Berbagai jurus fitnah yang mengarah kepada Islamofobia harus dilawan dengan perang pemikiran. Melawannya dengan semakin menderaskan kampanye Islam kaffah. Islam sebagai ideologi sempurna dan way of life. Arus deras “ghazwul fikr” yang sebagian besar disutradarai kaum kapitalis global dan dipertajam dengan praktik-praktik kekejaman sosialis komunis, harus ditangkal serta dilawan dengan gencarnya dakwah Islam yang solutif.
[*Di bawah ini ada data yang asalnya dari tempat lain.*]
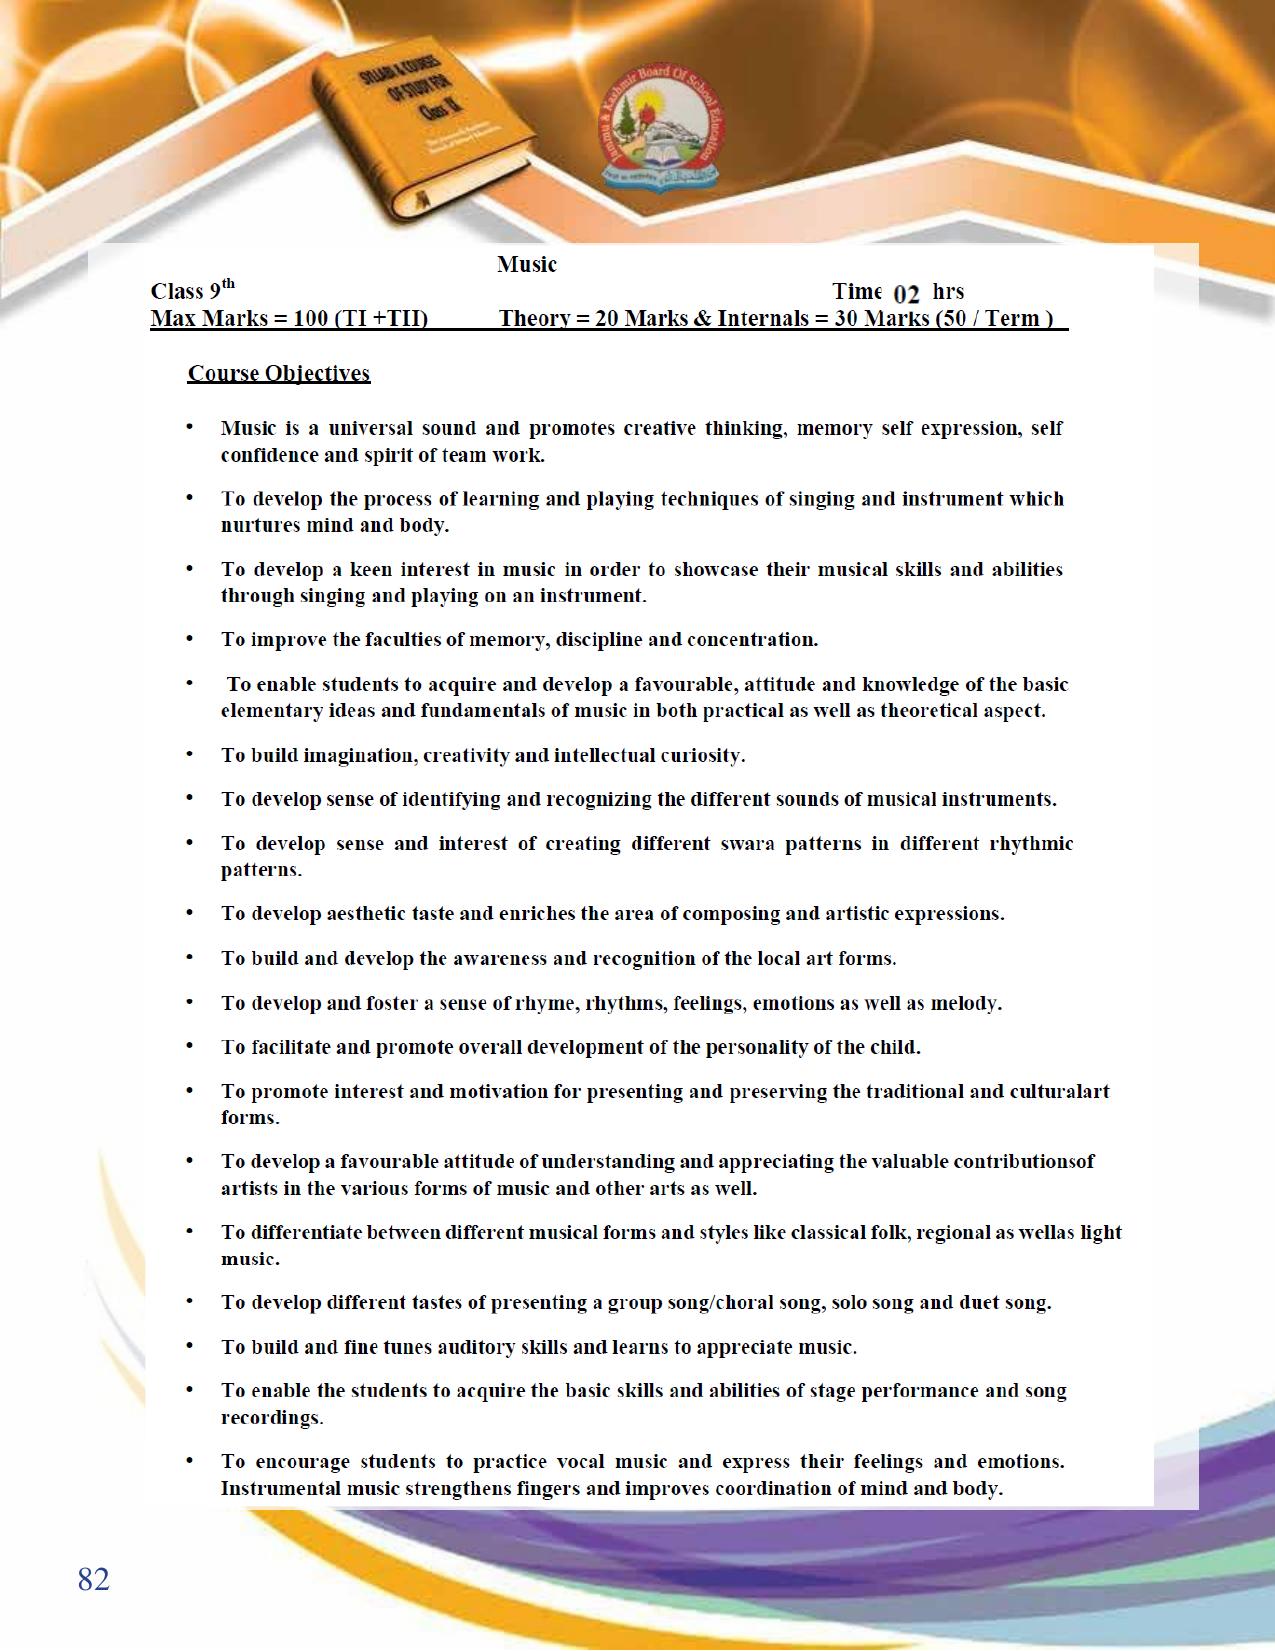 JKBOSE Syllabus for 9th class - Page 83

Umat Islam dan umat manusia di seluruh dunia harus disadarkan bahwa berbagai masalah yang muncul saat ini karena Islam tidak dijadikan sebagai sandaran kehidupan, sumber hukum dari segala sumber hukum. Untuk itu maka diharapkan konten dakwah Islam yang ditampilkan agar diutamakan berisi berbagai solusi dari masalah kehidupan saat ini yang sudah porak poranda dari tatanan masyarakat ideal.
Kekuatan membentuk opini bahwa Islam adalah solusi berbagai masalah dan aspek kehidupan akan semakin dikuatkan dengan kekuatan ruhiyah para pengemban dakwah yang senantiasa memperkuat akidah dan semangat juangnya. Dengan menambah amalan-amalan penguat jiwa. Zikrullah, shalat malam, puasa sunnah dan terus mengkaji berbagai tsaqofah Islam. Keterbukaan peluang secara teknologi digital harus dimanfaatkan untuk terus menguatkan dakwah. Berbagai media online dan offline didominasi oleh pesan-pesan kebaikan. Memanfaatkan jaringan para influencer/tokoh umat sebagai perluasan jejaring dakwah ke segala lini profesi dan kekuasaan.
Jika kita sudah melakukan berbagai usaha maksimal dalam upaya membangun opini kekuatan jamaah Islam, maka insyaallah nashrullah (pertolongan Allah) akan diberikan berupa kejayaan Islam kembali di muka bumi. Intansurullah yansurkum.
Allah jualah yang akan membalikkan kekuasaan itu di muka bumi, sebagaimana janji-Nya dalam Q.S Ali Imran ayat 140, “...Kami pergilirkan di antara manusia (agar mereka mendapat pelajaran), dan agar Allah membedakan orang-orang yang beriman (dengan orang-orang kafir) dan agar sebagian kamu dijadikan-Nya (gugur sebagai) syuhada…”. []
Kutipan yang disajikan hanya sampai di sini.